Smartphone-Enabled Aerosol Particle Analysis
Device
Yanna Li,1 Wei Pang,*1 Chen Sun,2 Qiang Zhou,2 Zuzeng Lin,1Ye Chang,2 Quanning Li,2
Menglun Zhang,*1, and Xuexin Duan*2,3
1State Key Laboratory of Precision Measuring Technology & Instruments,
2 College of Precision Instrument and Opto-Electronics Engineering, Tianjin University,
3Nanchang Institute for Microtechnology of Tianjin University, Tianjin 300072, China
Corresponding author: Xuexin Duan (e-mail: xduan@tju.edu.cn).
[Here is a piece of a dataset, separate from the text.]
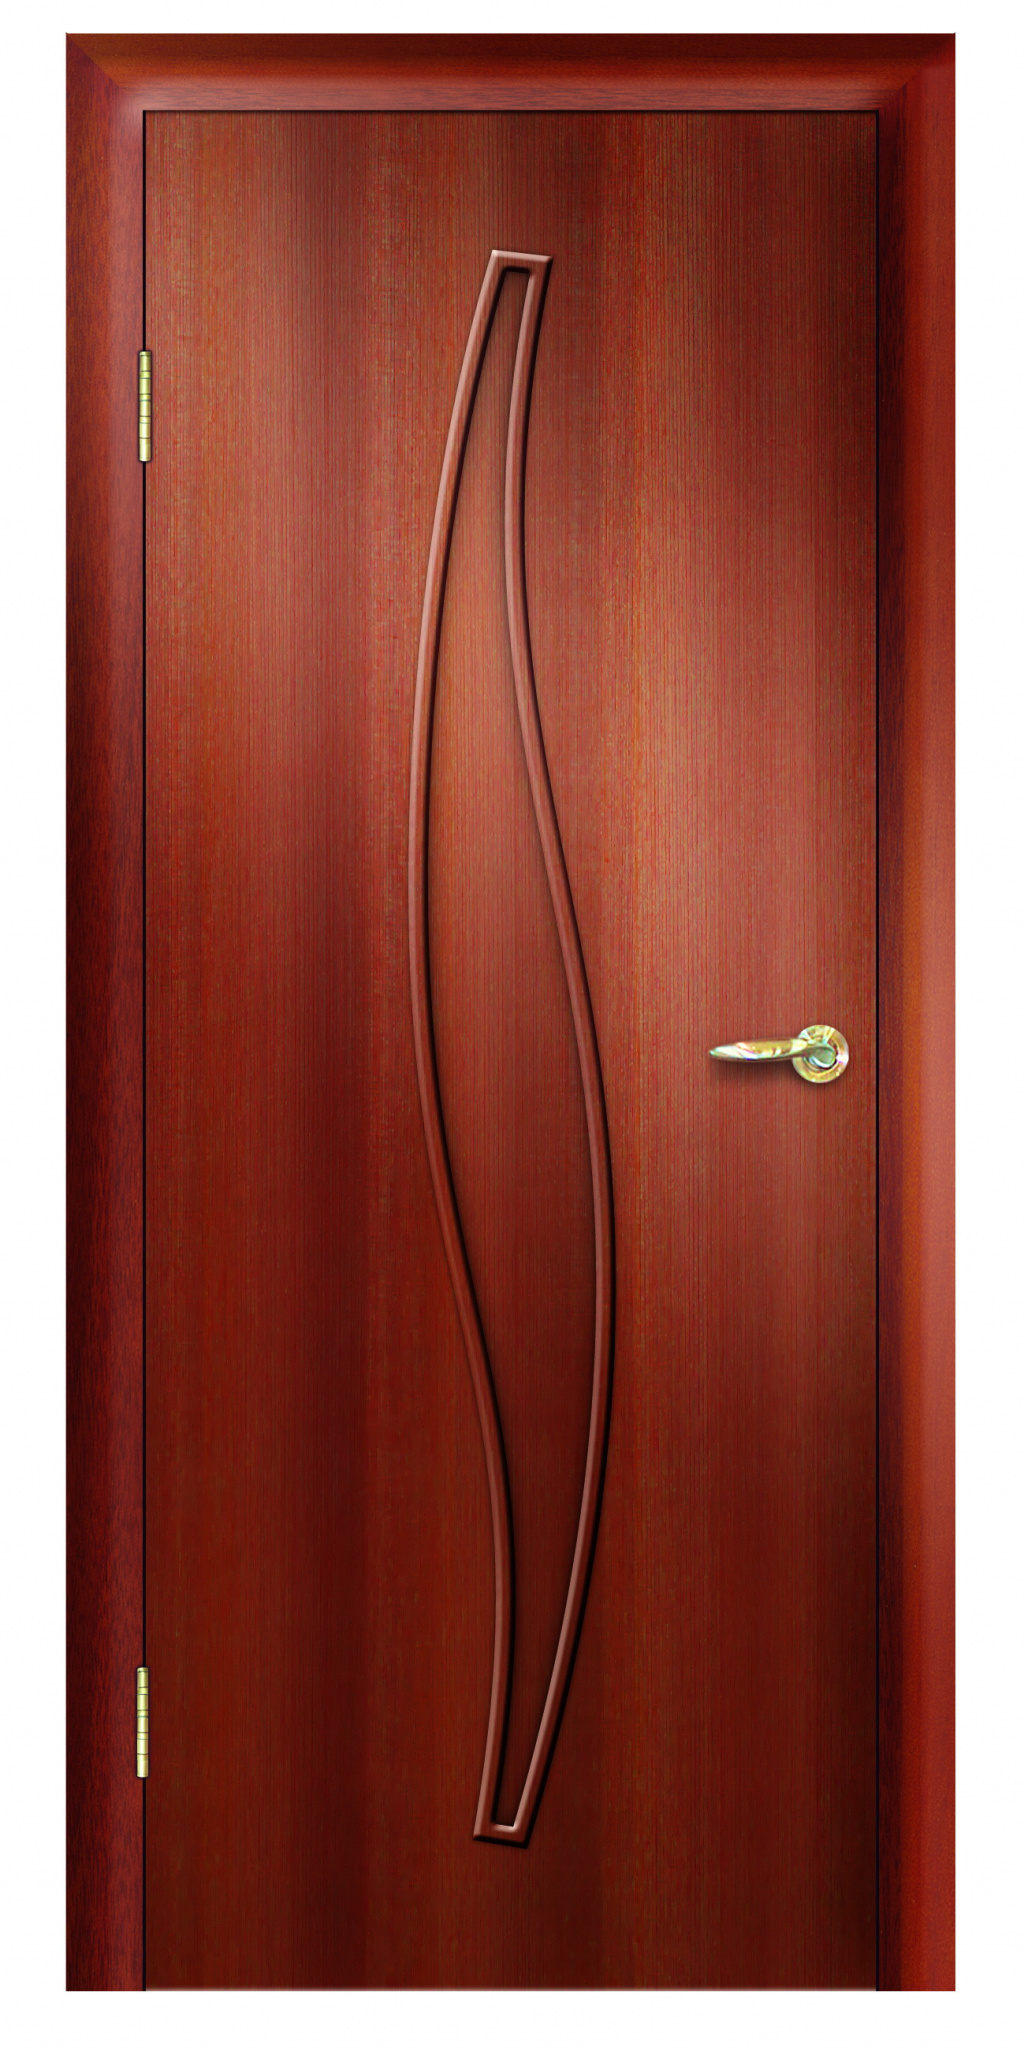 Дверная Линия Межкомнатная дверь ПГ-23, арт. 15724 - фото №1

The authors gratefully acknowledge financial support from the Natural Science Foundation of China (NSFC Nos. 91743110, 61674114, 21861132001), the
National Key R&D Program of China (2017YFF0204600), Tianjin Applied Basic Research and Advanced Technology (17JCJQJC43600), the Foundation
for Talent Scientists of Nanchang Institute for Microtechnology of Tianjin University, and the 111 Project (B07014).
ABSTRACT The health effects of suspended particulate matter (PM) in the air are well documented;
however, there is a lack of convenient tools to recognize and quantify PM onsite. Here, we design and
fabricate a portable PM analysis system to realize onsite aerosol particle analysis. The system contains a
micromachined virtual impactor (VI), a thermophoretic deposition chip and a smartphone-based portable
imaging device. Silicon dioxide (SiO2) particles and polystyrene sphere (PLS) particles are used to verify
the micro-sized VI with an accurate cut-off diameter of 2 μm (PM2). After separation, the fine particles are
thermally deposited on a replaceable film. Then, a smartphone connected with a hand-held optical
microscope is applied to directly image and analyze the deposited particles with the assistance of a self-
developed Android application; thus, the size and distribution of the particles can be acquired immediately.
The PM analysis device is successfully applied to analyze the particle content from a smoking cigarette as a
real complex sample demonstration. Considering the compact integration of the particle separation,
collection, detection and analysis components, the reported PM analysis device is promising for point-of-
need outdoor and indoor air quality monitoring.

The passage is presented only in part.